##### The data #####

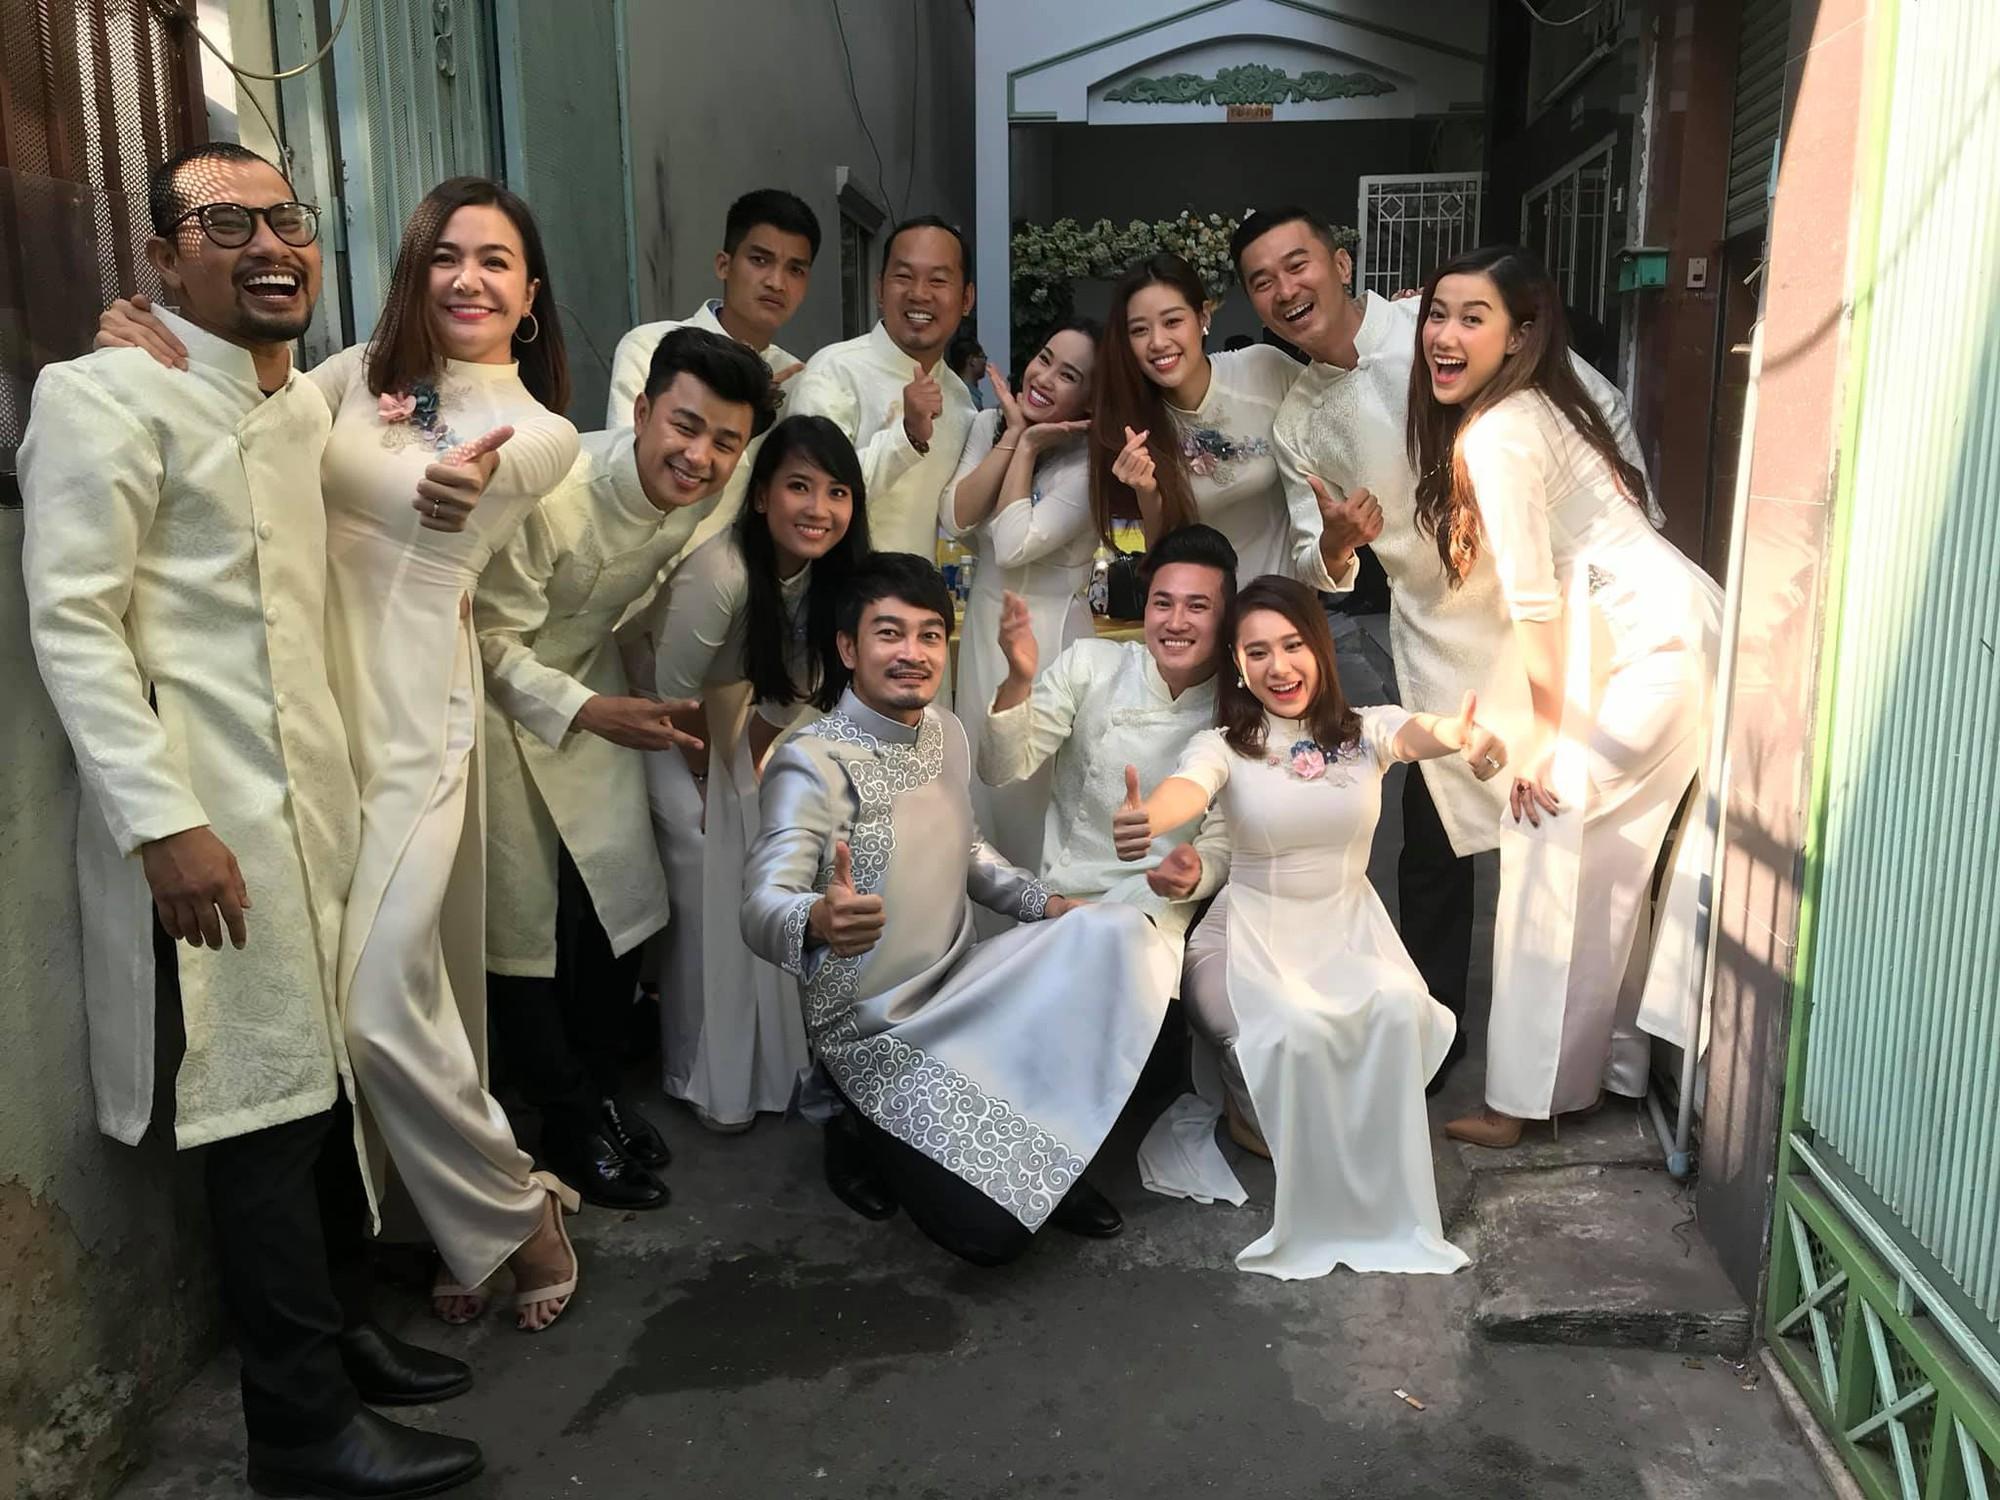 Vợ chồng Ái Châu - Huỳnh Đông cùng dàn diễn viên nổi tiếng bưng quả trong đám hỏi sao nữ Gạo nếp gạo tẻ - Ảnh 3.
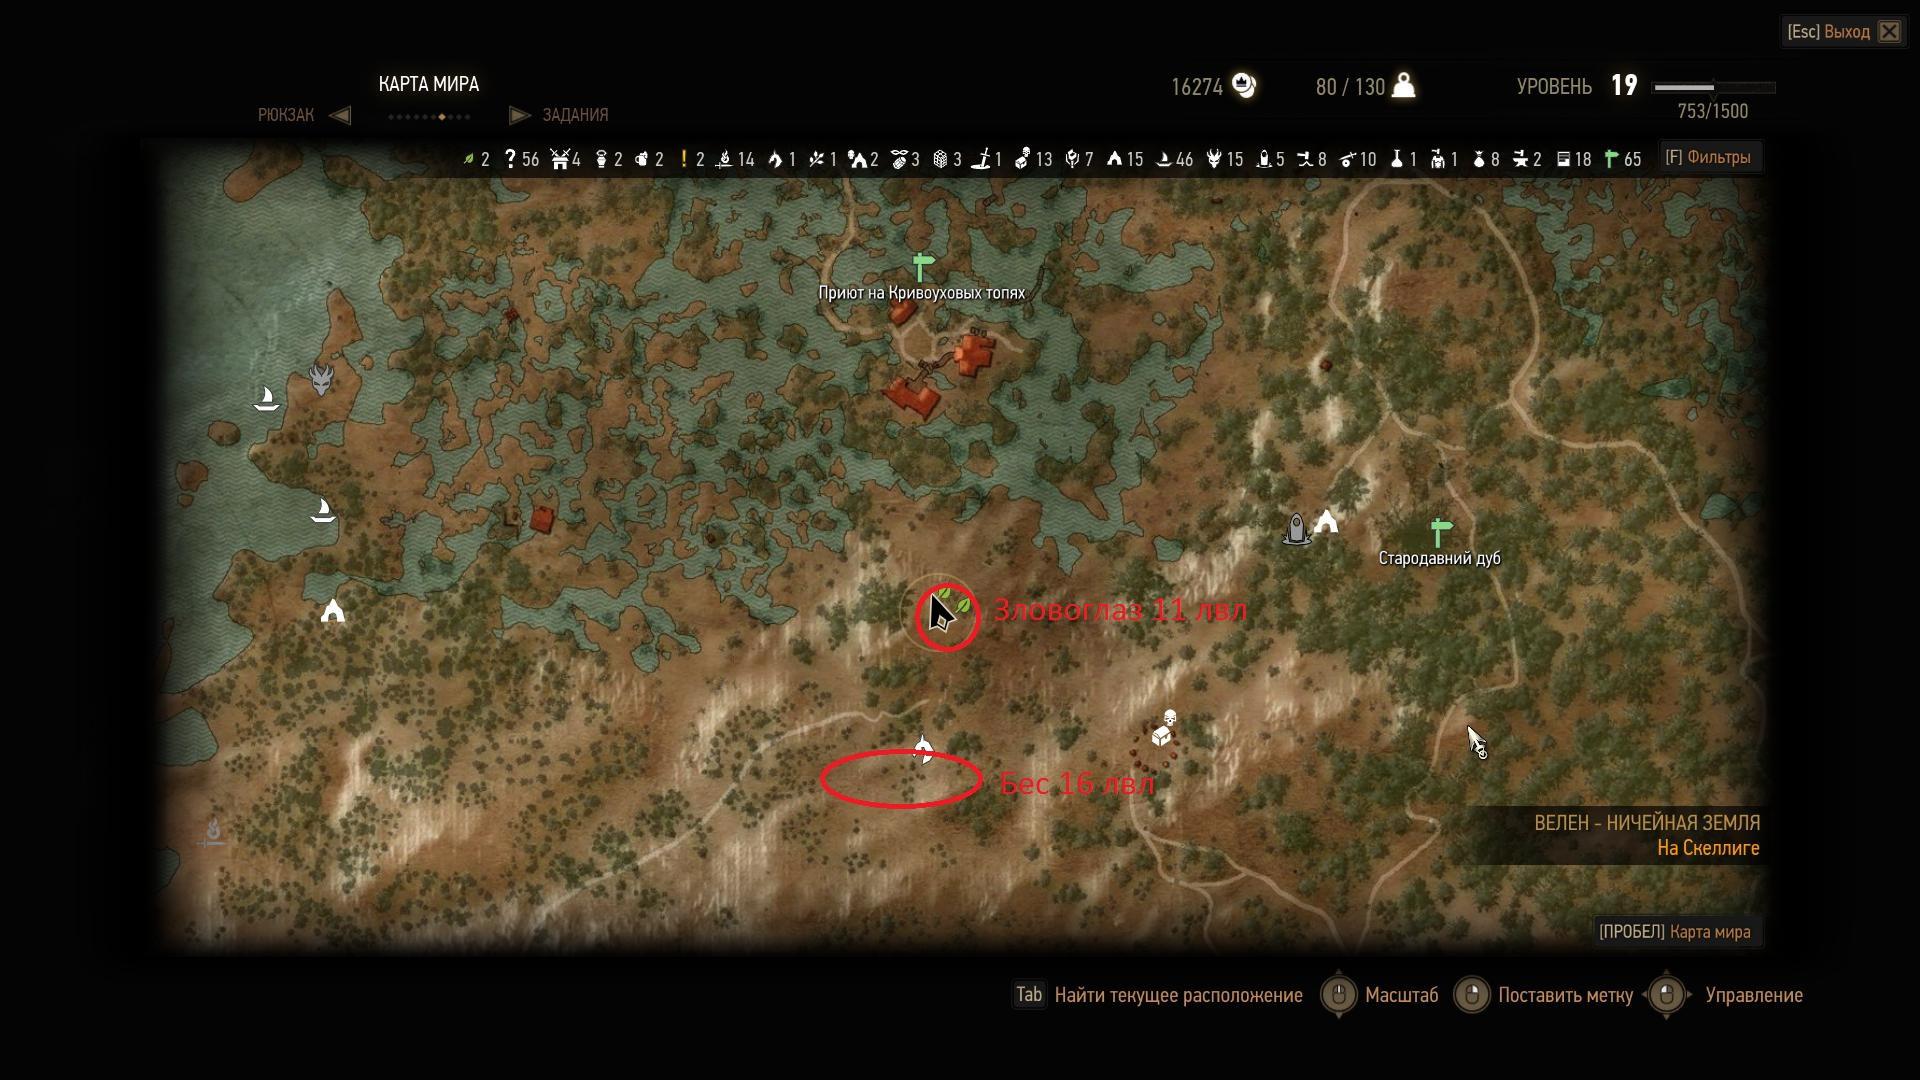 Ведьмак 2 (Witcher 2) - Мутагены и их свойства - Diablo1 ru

#####
##### The data #####

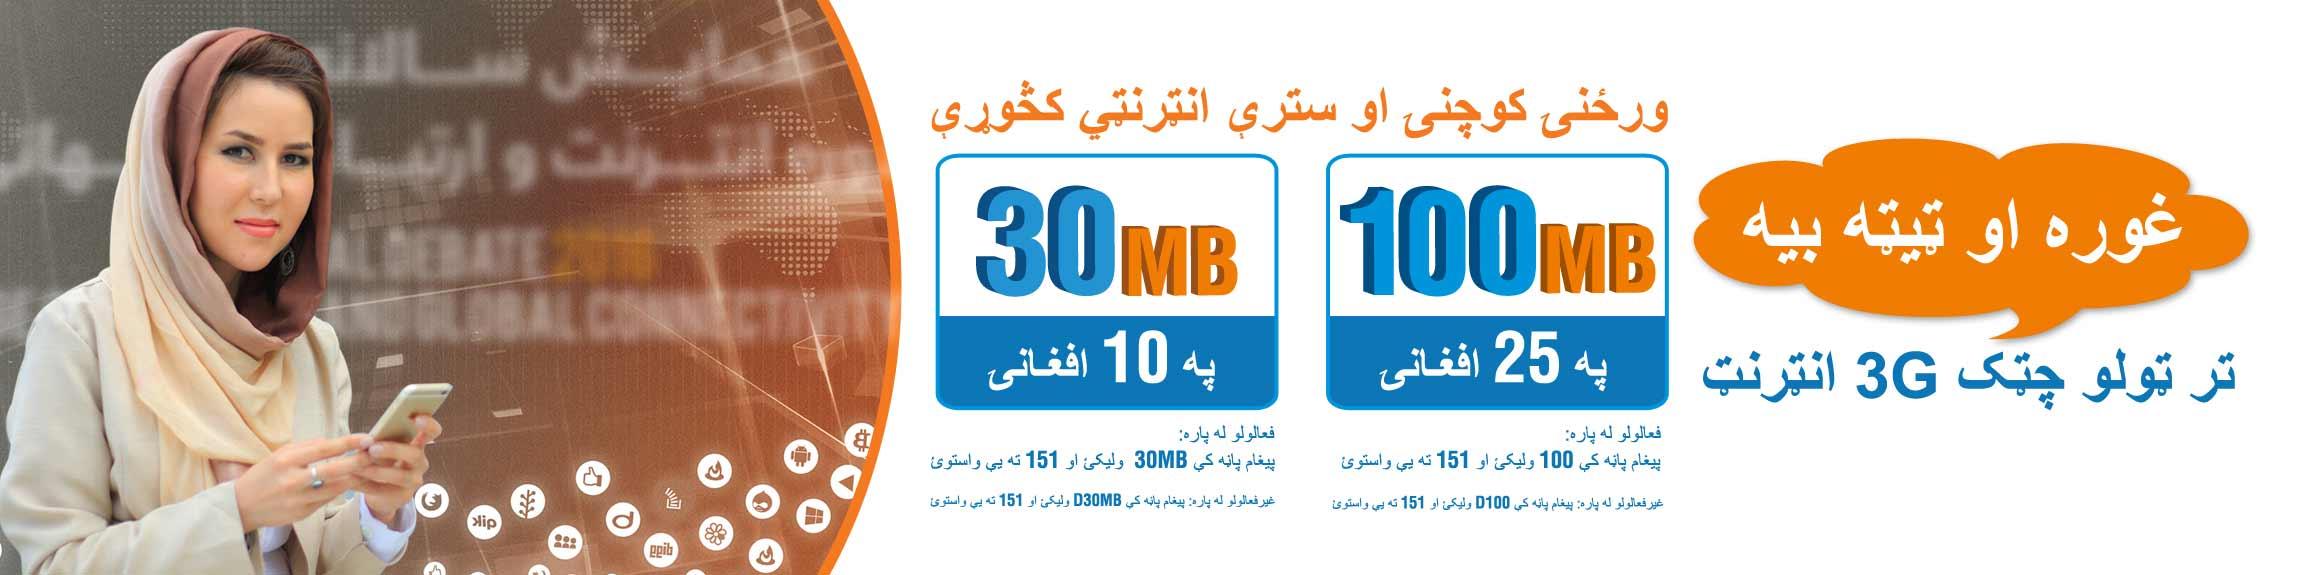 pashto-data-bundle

#####
##### The data #####

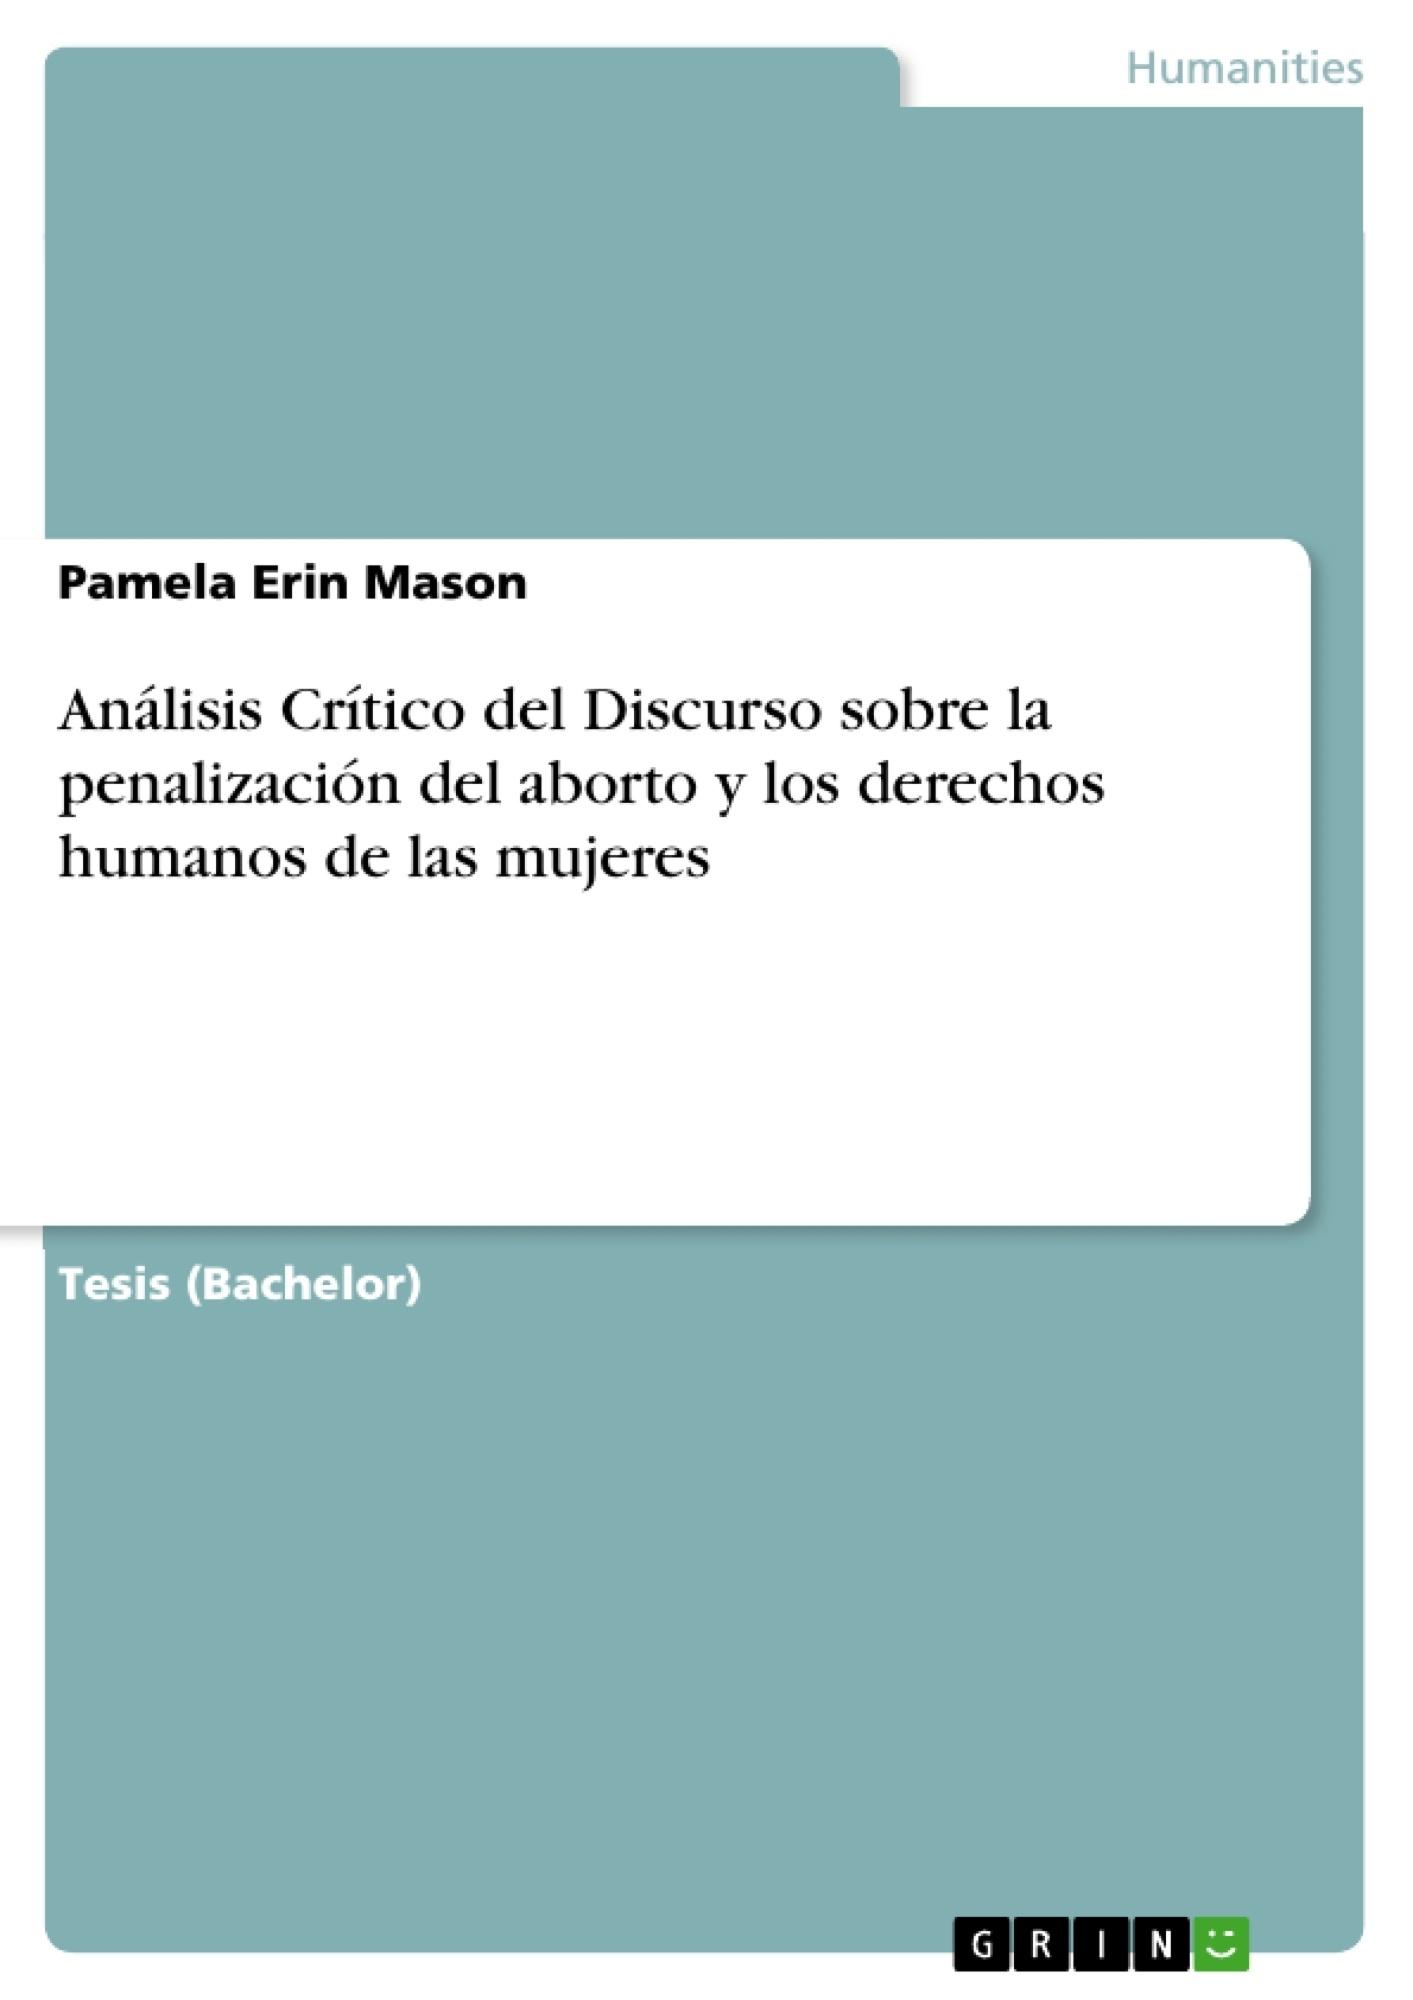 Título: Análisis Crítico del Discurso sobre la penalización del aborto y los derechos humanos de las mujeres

#####

Task objective |
For the data above, set down exactly the lines from the line with "Vợ chồng Ái" to the line with "Ведьмак 2 (Witcher", both included, leaving pictures out.

Answer area |
 Vợ chồng Ái Châu - Huỳnh Đông cùng dàn diễn viên nổi tiếng bưng quả trong đám hỏi sao nữ Gạo nếp gạo tẻ - Ảnh 3.
 Ведьмак 2 (Witcher 2) - Мутагены и их свойства - Diablo1 ru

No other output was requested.